Another problem with biometric systems is they are far from flawless. As Wired reported in 2019, US government tests found that even top-performing facial recognition systems misidentify blacks five to 10 times more often than they do whites. In Mexico this could be a major problem given that 67% of the population self-classify their skin colour as medium tones and 20% as dark tones.
The World Bank’s Identification for Development (ID4D) program was launched in 2014 with “catalytic contributions” from the Bill & Melinda Gates Foundation as well as the UK Government, the French Government, the Australian Government and the Omidyar Network. According to the World Bank Group’s website, it is a “cross-sectoral platform that creates and leverages partnerships with United Nations agencies, other donors, non-government organizations, academia, and the private sector” with the goal of “help[ing] countries realise the transformational potential of digital identification systems.”
The program is wrapped up in cosy buzz words such as digital development, social protection, gender issues and financial inclusion. But digital ID systems can also be weaponized by authorities to exclude millions of people from access to the most basic services, or even to deprive people of the legal right to remain within the respective jurisdiction.
This is precisely what happened in the Dominican Republic. As Eve Hayes de Kalaf, a research associate at University of London’s Centre for Latin American and Caribbean Studies, reported in an article for The Conversation, the Dominican government, in conjuction with World Bank programmes providing citizens with proof of their legal existence, “introduced exclusionary mechanisms that systematically blocked black Haitian-descended populations from accessing and renewing their Dominican ID”:
For years, people of Haitian ancestry born in the Dominican Republic have found themselves in a fierce battle to (re)obtain their ID. Officials claimed that for over 80 years they had erroneously provided people born to Haitian migrants with Dominican paperwork and now needed to rectify this mistake.
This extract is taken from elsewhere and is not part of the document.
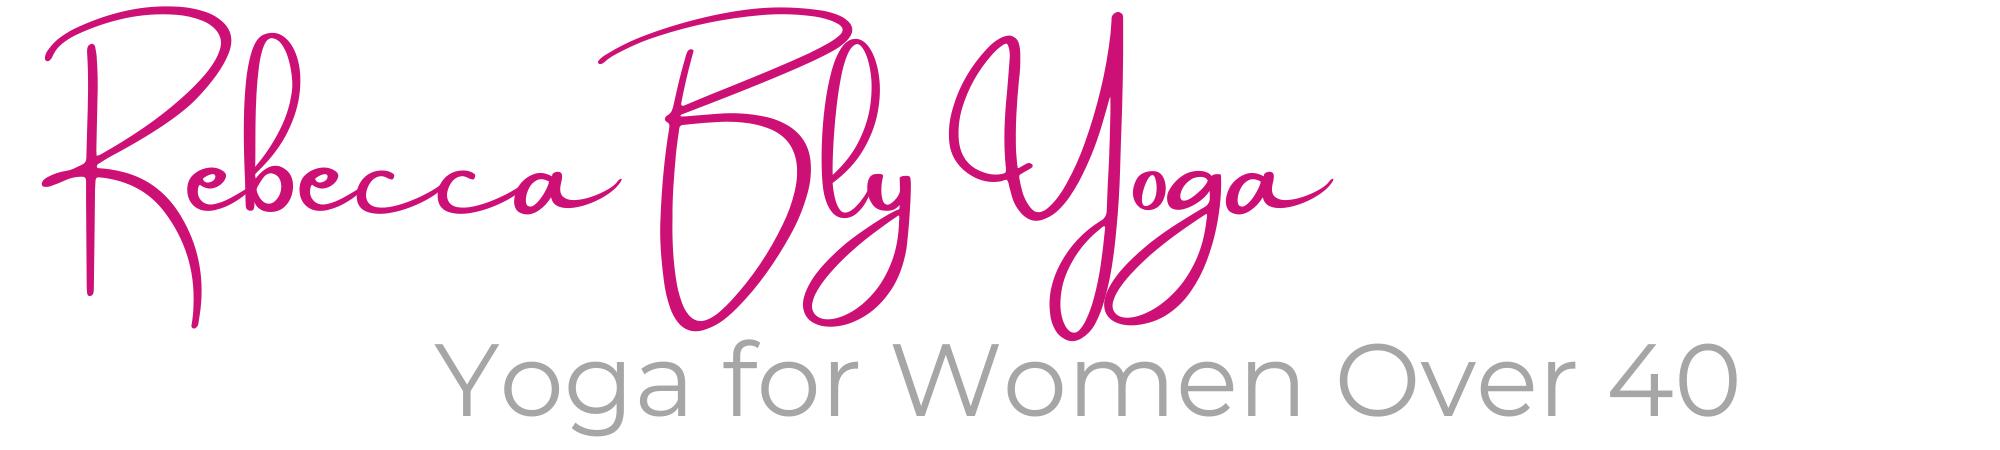 Rebecca Bly Yoga

These people say they are Dominican. They even have the paperwork to prove it. But the state doesn’t agree…
Who was deemed eligible for inclusion in the civil registry (meaning Dominican citizens) and who was excluded as foreigners (the Haitian-descended) was considered a sovereign issue for the state to address. As a result, tens of thousands of people found themselves without documentation and subsequently excluded from essential healthcare services, welfare and education…
Hayes de Kalaf lists other cases where digital ID registrations had been used for discriminatory purposes, including India’s ostracism of the Assam and Kenya’s systematic mistreatment of Somali refugees:
For people who find themselves excluded from this new digital age, daily life isn’t just difficult, it is almost impossible.
And while the need to speed up digital ID registrations is pressing, in this post-pandemic world we need to take a step back and reflect. Calls for digital COVID passports, biometric ID cards and data-sharing track-and-trace systems are facilitating the policing not only of people crossing borders but also, increasingly, of the populations living within them.
It is high time we had a serious discussion about the potential pitfalls of digital ID systems and their far-reaching, life-altering impact.
One can only hope that before voting on CUID, Mexico’s Senate gives full consideration to these potential risks. The same goes for many governments around the world, in both the Global South and Global North.